Canadian Cowboys
Cattle ranching began in Canada in the early 1870s. The Canadian government so supported ranching that in 1881 it passed regulations that allowed any individual or ranch company to lease up to 100,000 acres for the cost of one cent per acre, per year. In many ways, the Canadian cowboy enjoys the same mythical status as he does in the United States (see Calgary Stampede in Urban Growth unit). The passage below describes some of the similarities and differences between the Canadian and American cowboy.
Canadian cowboys appeared very similar to the cowhands across the border in the United States. A broad-brimmed hat for shelter from sun and rain, snug jeans, and high-heeled boots were standard garb. Although unpolished by the urban standards of Montreal or Quebec, Alberta cowboys could likely read and write. . . .

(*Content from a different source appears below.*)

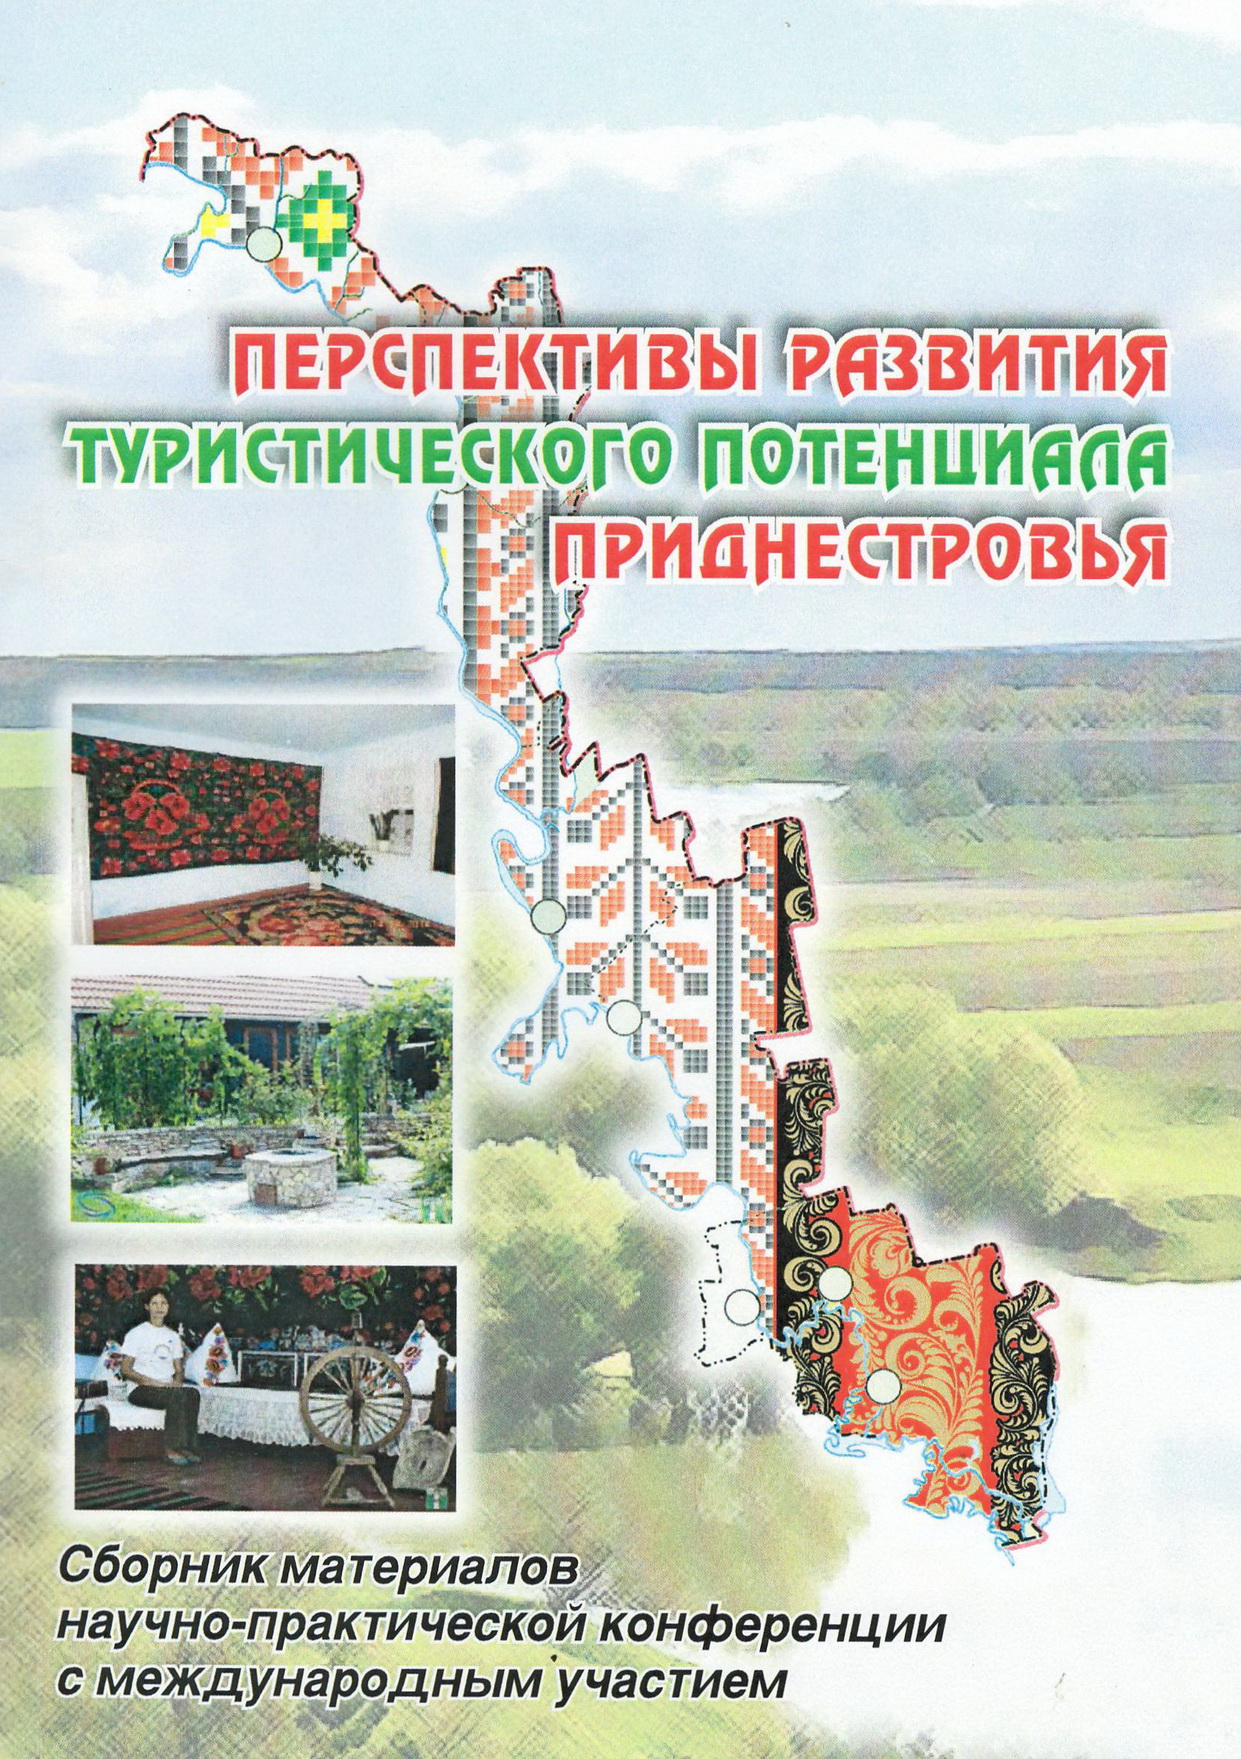 Перспективы развития туристического потенциала Приднестровья 2017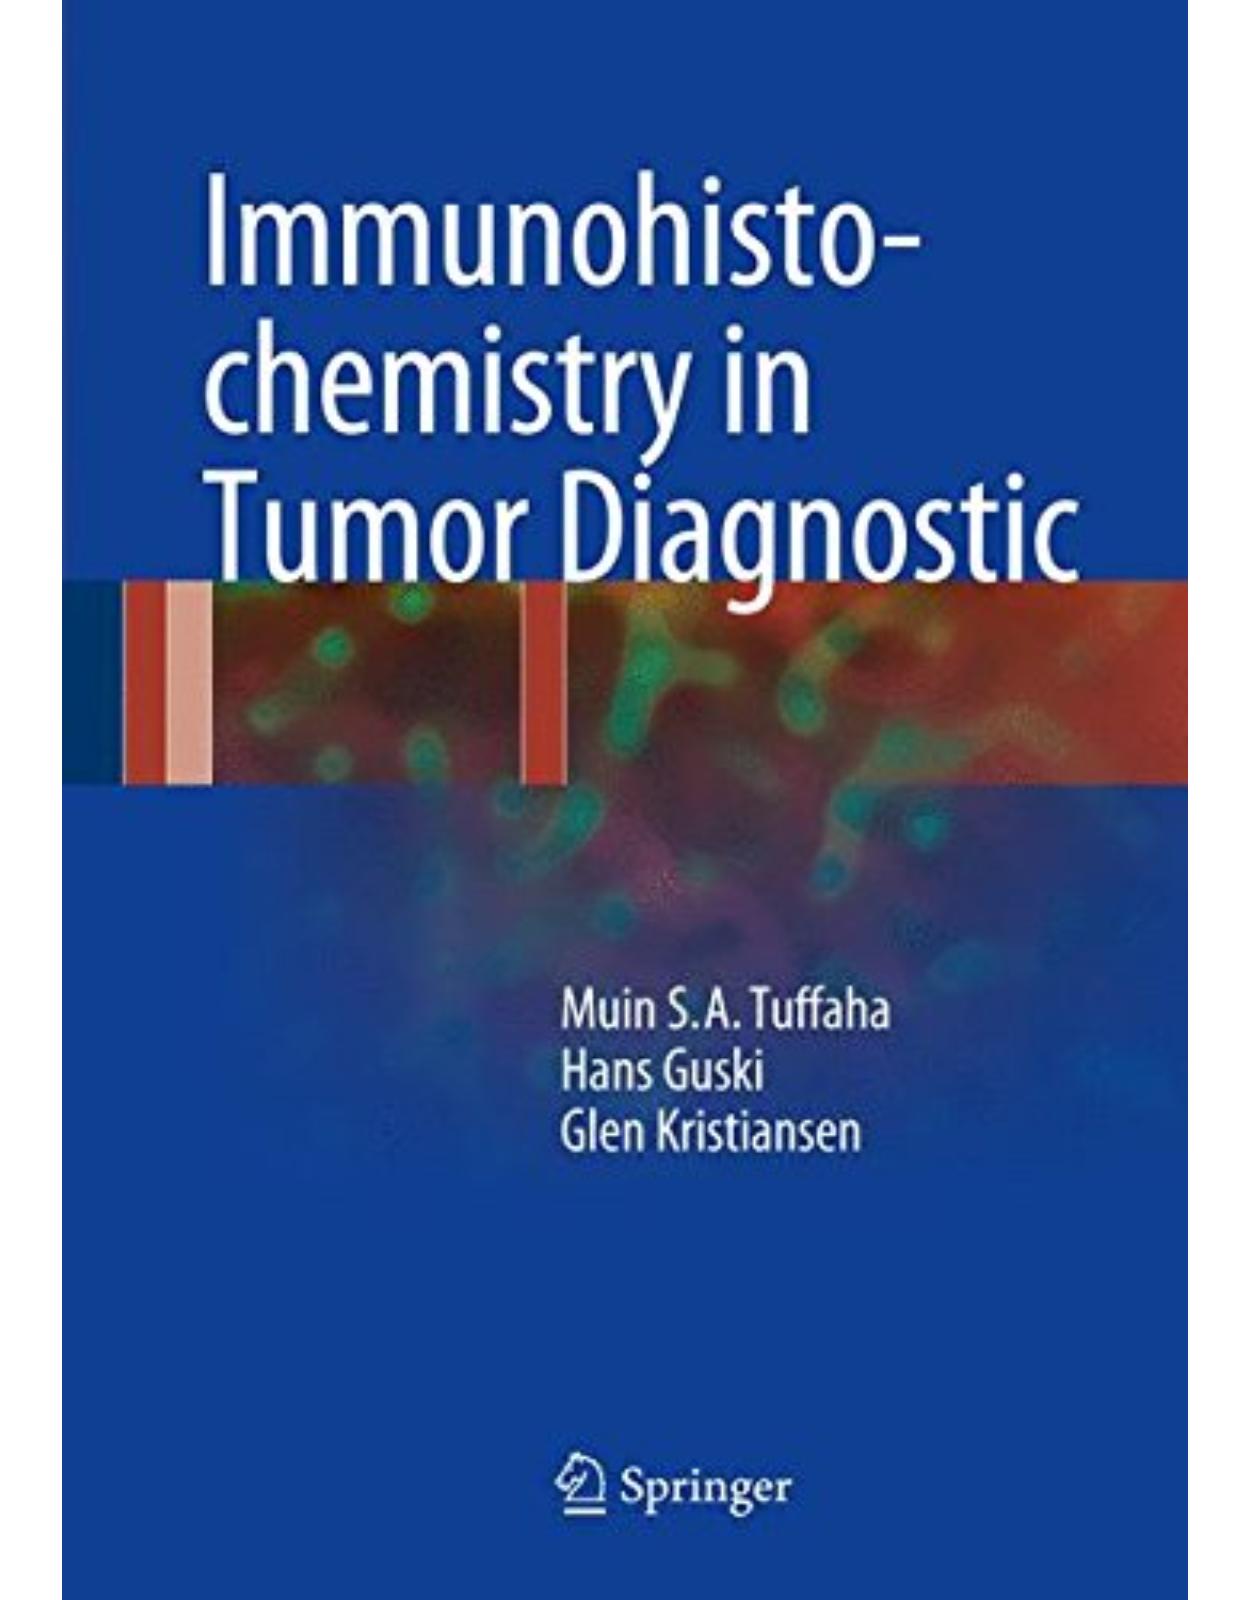 Immunohistochemistry in Tumor Diagnostics

Ranch hands in Canada stand alone among the cowboys of the Americas in having very little negative imagery associate with them. In fact, Canadians go to considerable pains to distinguish their ''civilized'' and cultured West from the violent, rough-and-tumble frontier to their south. . . . Historian L.G. Thomas noted of the not-so-wild Canadian West that ''the body is American but the spirit is English.''
Nineteenth-century sources recorded considerable differences in cowboy country north and south of the Forty-ninth Parallel. . . . The Calgary Herald in 1884 contrasted the cowboys of Canada and the United States. ''The rough and festive cowboy of Texas and Oregon has no counterpart here. Two or three beardless lads wear jingling spurs and ridiculous revolvers and walk with a slouch, [but] the genuine Alberta cowboy is a gentleman.''
Source: Slatta, Richard. Cowboys of the Americas. New Haven: Yale University Press, 1990. 51.
Questions:
1. What were some of the perceived similarities and differences between American and Canadian cowboys?
2. How does the idea of a Canadian West, full of cowboys, complicate the myth of the American West?